**AVAILABLE DATA**
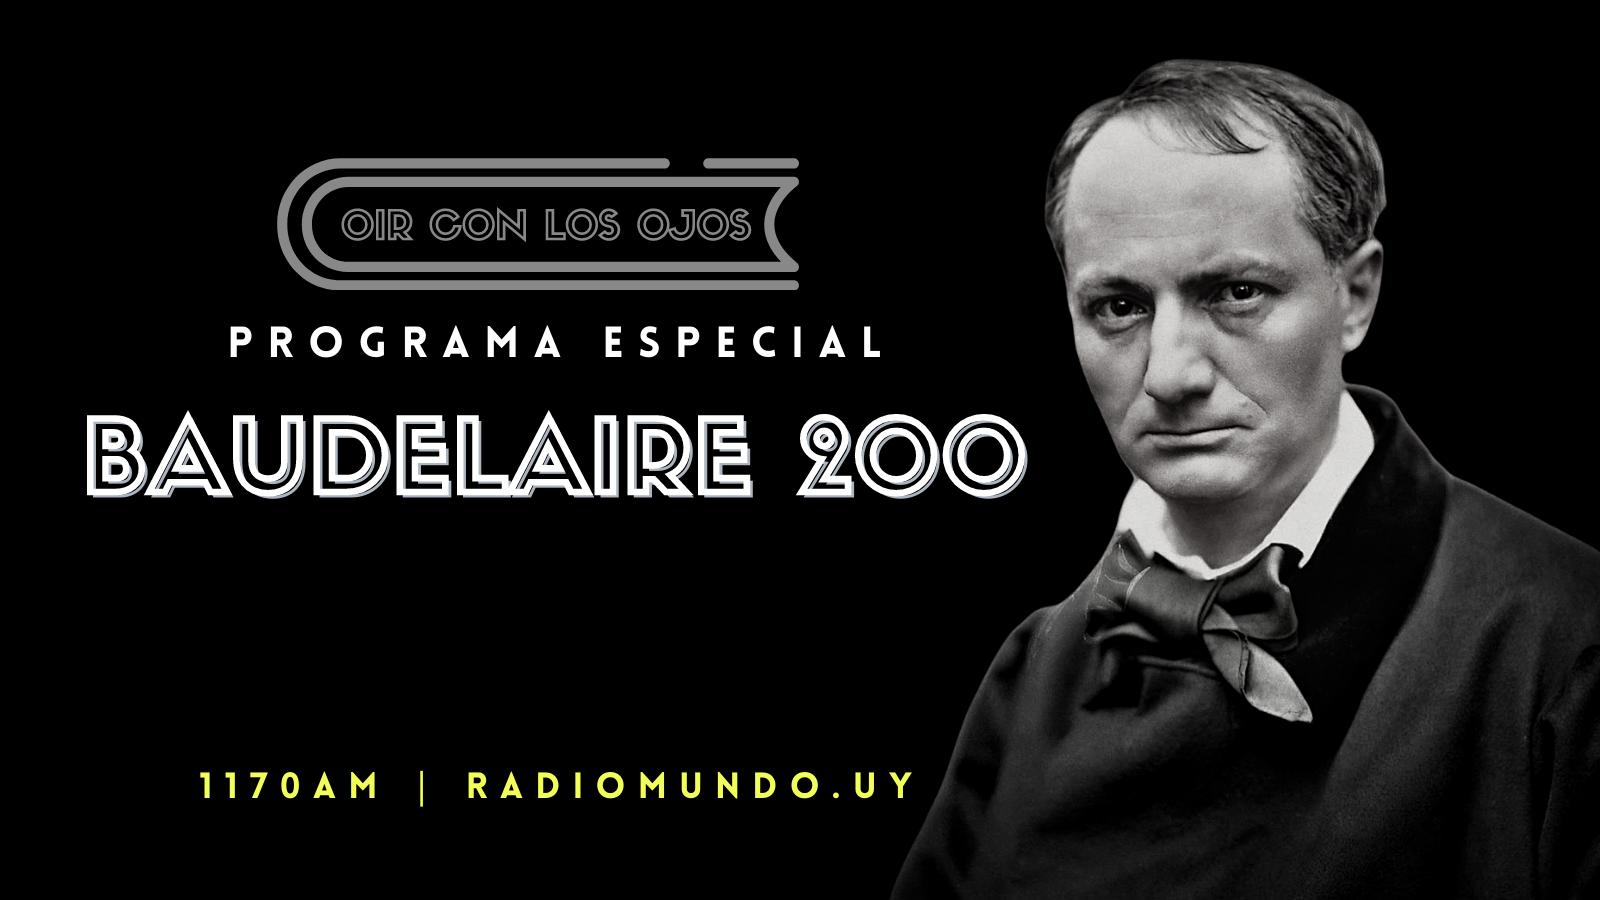 Baudelaire 200: El programa completo
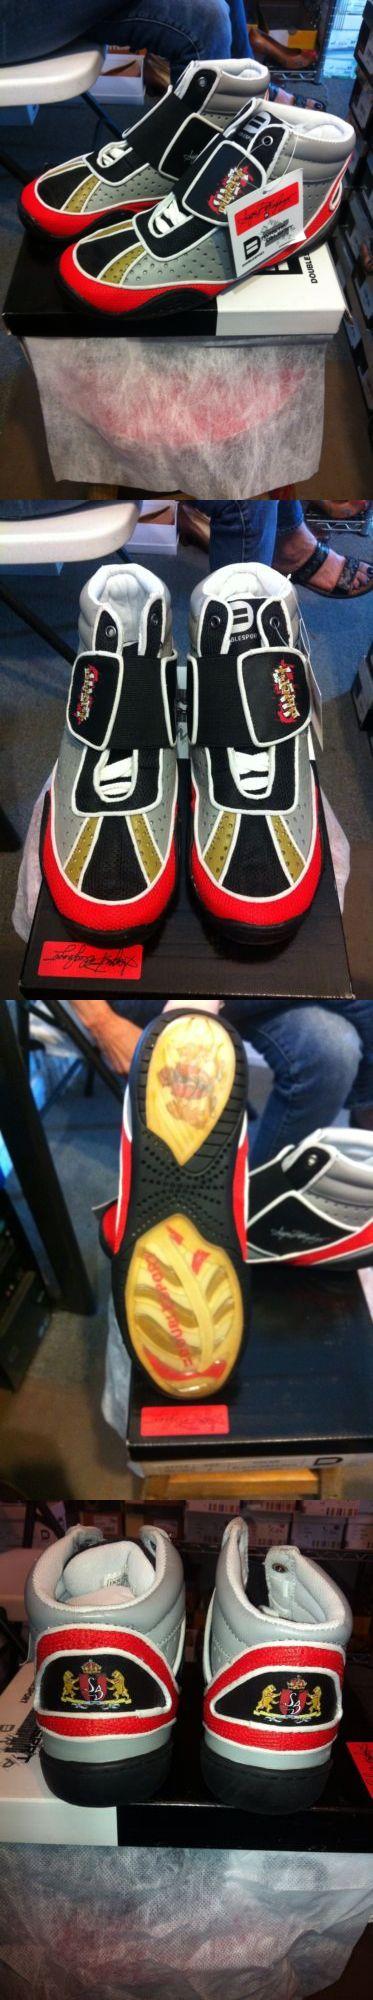 Footwear 79799: New Mens Size 15 Sergei Beloglazov Wrestling Shoes -> BUY IT NOW ONLY: $55 on eBay!
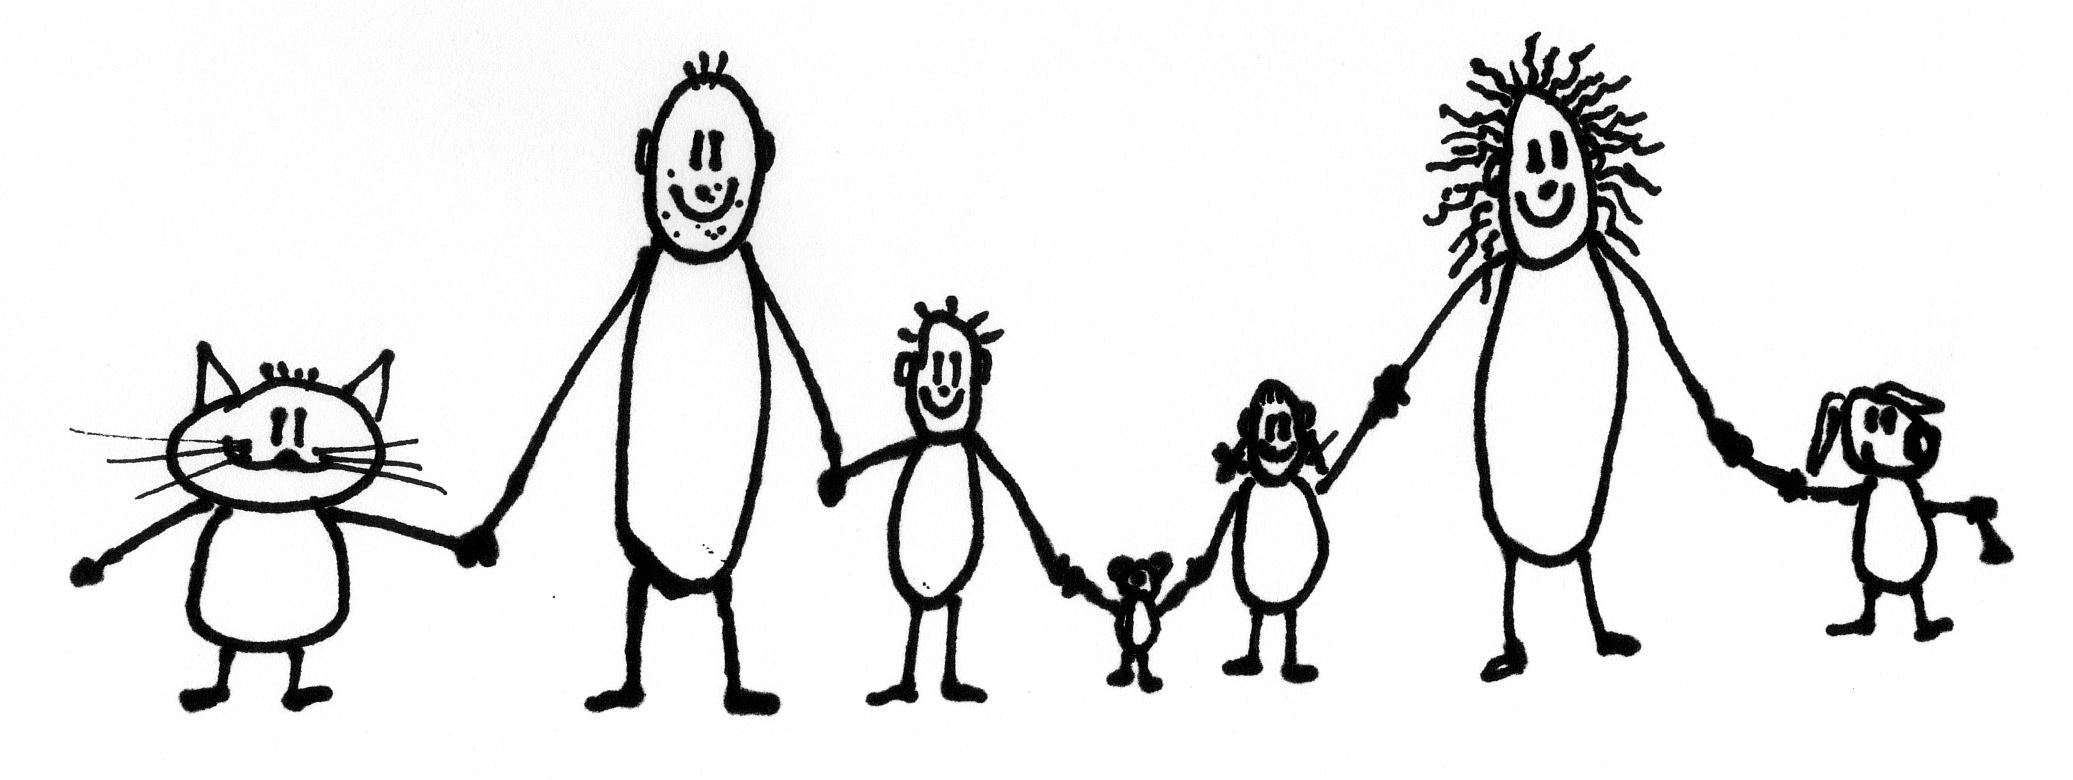 Zeichnung Aufstellung Familie Tiere

**WHAT IS EXPECTED**
Wherever an image sits in the data, omit it; everything else must be copied exactly.

**RESPONSE BOX**
 Baudelaire 200: El programa completo
 Footwear 79799: New Mens Size 15 Sergei Beloglazov Wrestling Shoes -> BUY IT NOW ONLY: $55 on eBay!
 Zeichnung Aufstellung Familie Tiere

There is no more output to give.